Curioso tiempo el presente. Ocurren cosas enormes, monstruosas; pero, al menos a simple vista, es difícil precisar su origen. Un halo de sospecha se tiende sobre magnicidios, atentados e incluso acerca del origen de la pandemia que actualmente trastorna al planeta. Las incógnitas que rodean a los asesinatos de los Kennedy, de Yasser Arafat, al 9/11 son apenas algunos de los tantos hechos que deambulan por el subconsciente colectivo y dan lugar a teorías que son inmediatamente descalificadas como conspirativas; pero que siguen conservando un peso considerable porque, precisamente, las conspiraciones son una de las maneras con las que se construye la historia en una época en la cual la presencia popular tiende a evaporarse y la democracia se complica y se pierde en el laberinto mediático y en el tramado de los lobbies que dictan la economía e influyen en su aplicación política.

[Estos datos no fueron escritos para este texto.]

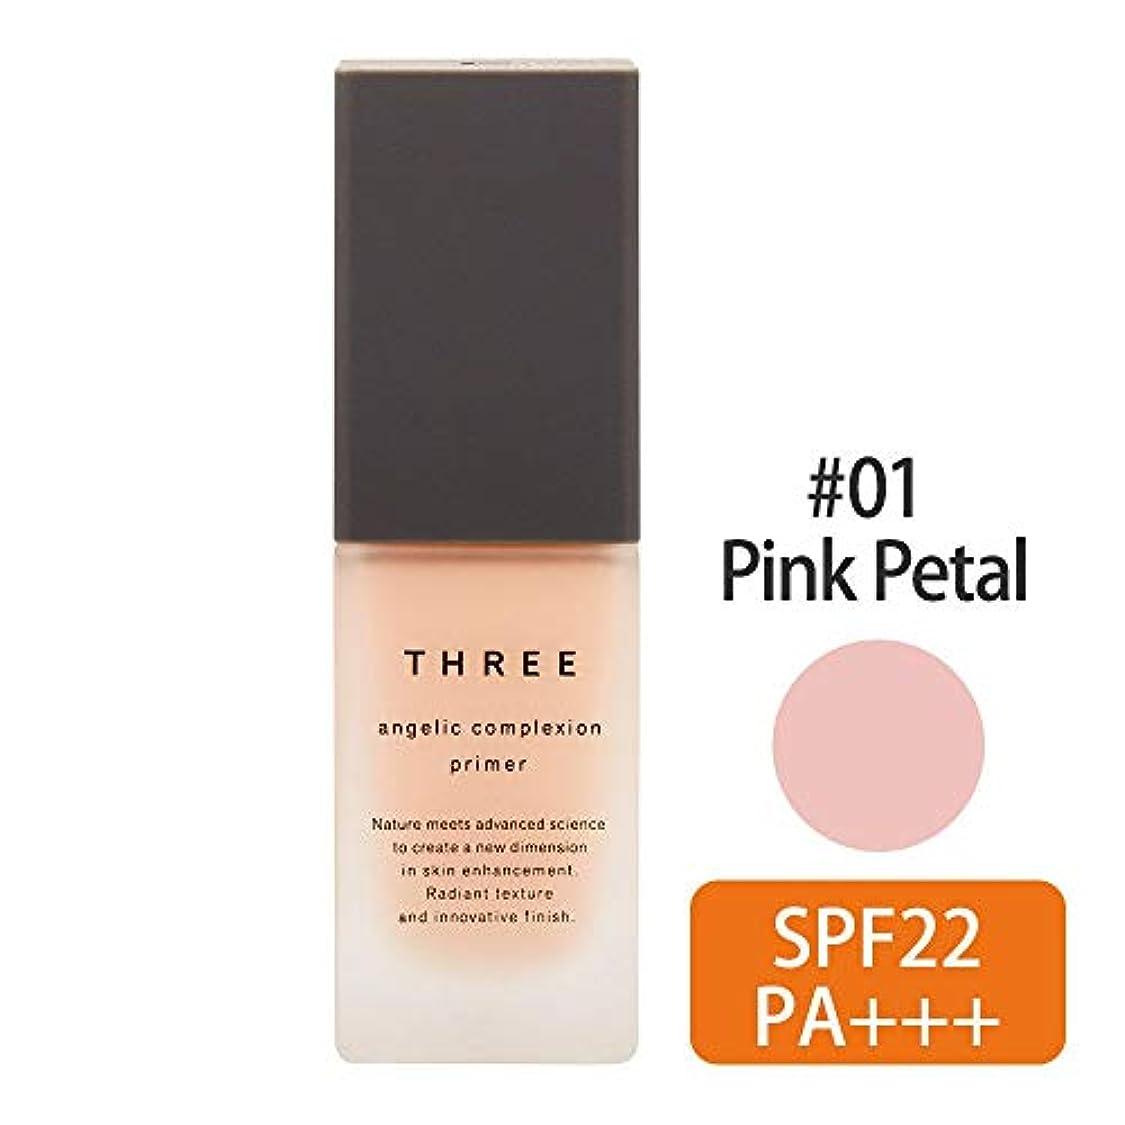 にぎやか小麦粉性別スリー(THREE) THREE アンジェリックコンプレクションプライマー #01(Pink Petal) 30g [並行輸入品]

Por ejemplo, ¿quién puede decir a ciencia cierta si el Covid 19 es el resultado de un incidente biológico originado en un mercado o un acto generado por el hombre a causa de una fuga en un laboratorio o de un acto deliberado de guerra bacteriológica? Sea una cosa o la otra, el hecho es que la pandemia ha quebrado la frágil estructura del sistema económico y ha determinado la aceleración de unos procesos que estaban ya en marcha y cuya gravedad requiere de una nueva orientación, probablemente despótica. Hasta aquí lo que se percibe es una tendencia al reforzamiento de las grandes concentraciones de capital, listas para “flexibilizar” el trabajo a través de la desocupación masiva, el tele-empleo desregulado y la captación de las empresas quebradas. Pero subsiste también la hipótesis contraria: esto es que, a causa del caos que este desastre traerá se producirán sublevaciones masivas y que las próximas generaciones serán capaces de enfrentarse al poder de las corporaciones a una escala que las obligue a buscar una salida diferente. Tal vez el futuro –para quienes lleguen a verlo- reserve una nueva colisión entre el “Talón de Hierro”[i] y un nuevo movimiento contestatario organizado.

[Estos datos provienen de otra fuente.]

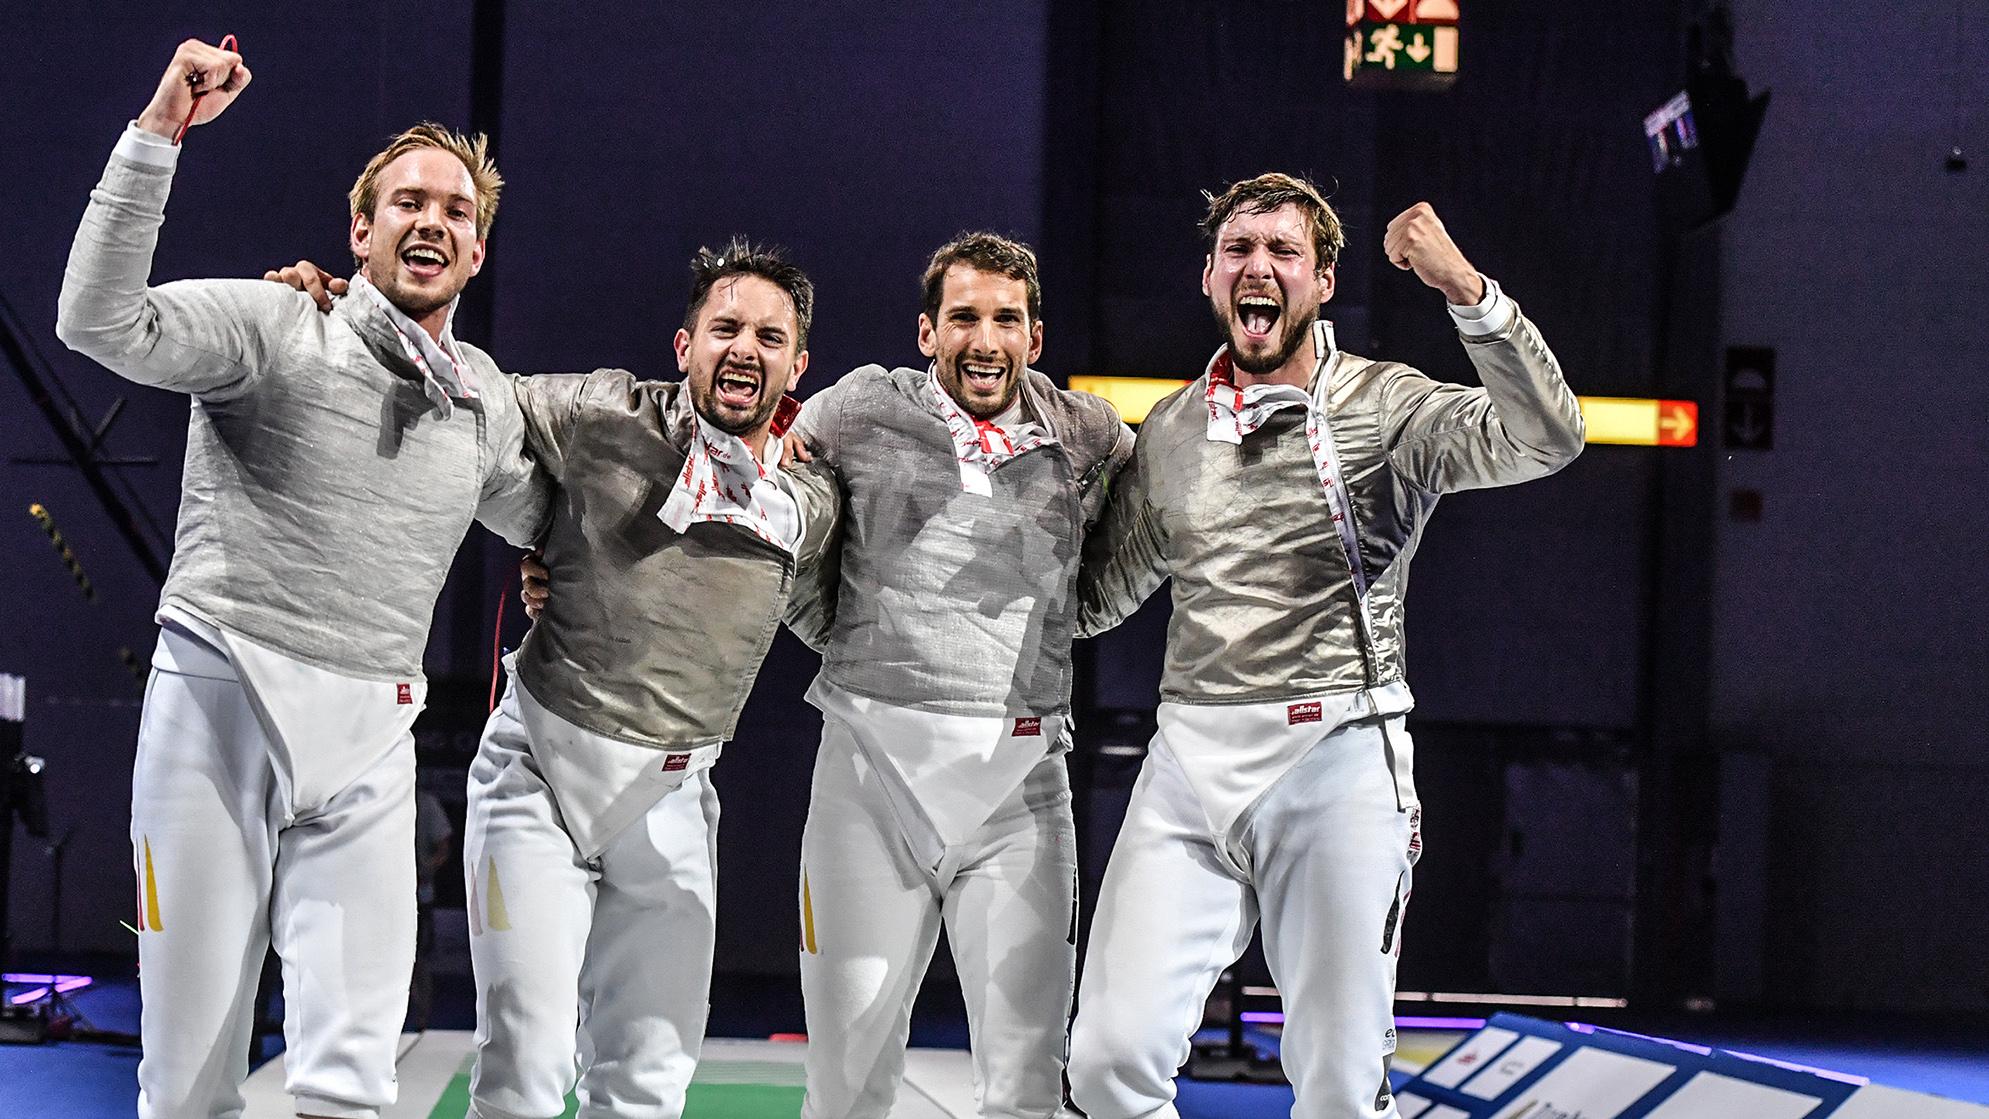 Fecht-Europameisterschaften 2019: Deutsche Säbelfechter Sind Europameister

De todos modos, si nos ceñimos a la realidad concreta, hoy por hoy se ve poco de esto último. A lo que sí nos enfrentamos es a una sucesión de episodios desequilibrantes y a un recrudecimiento del antagonismo entre Estados Unidos y China. El crecimiento de la potencia asiática eriza desde hace tiempo los temores de Washington que ha desencadenado, en especial desde la asunción de Trump y a pesar de algunas morisquetas amistosas a principios de su gestión, una hostilidad manifiesta hacia Pekín. Más allá de las habituales alegaciones en torno a los derechos humanos (que Washington se cuida muy bien de hacer respecto a Arabia Saudita o Israel) lo que realmente preocupa a USA son el enorme crecimiento chino, el potencial a futuro de ese enorme país, sus iniciativas comerciales basadas en el entendimiento mutuo y la diplomacia “soft”; la Ruta de la Seda, la pretensión de ejercer la soberanía en el Mar de la China del Sur, la expansión sobre su hinterland en el continente asiático y sus indiscutibles avances tecnológicos, que están repotenciando las fuerzas armadas chinas hasta el extremo de hacer inconfortable y en última instancia, en algún momento, tornar insostenible la preponderancia y hasta la presencia militar norteamericana en el Asia meridional.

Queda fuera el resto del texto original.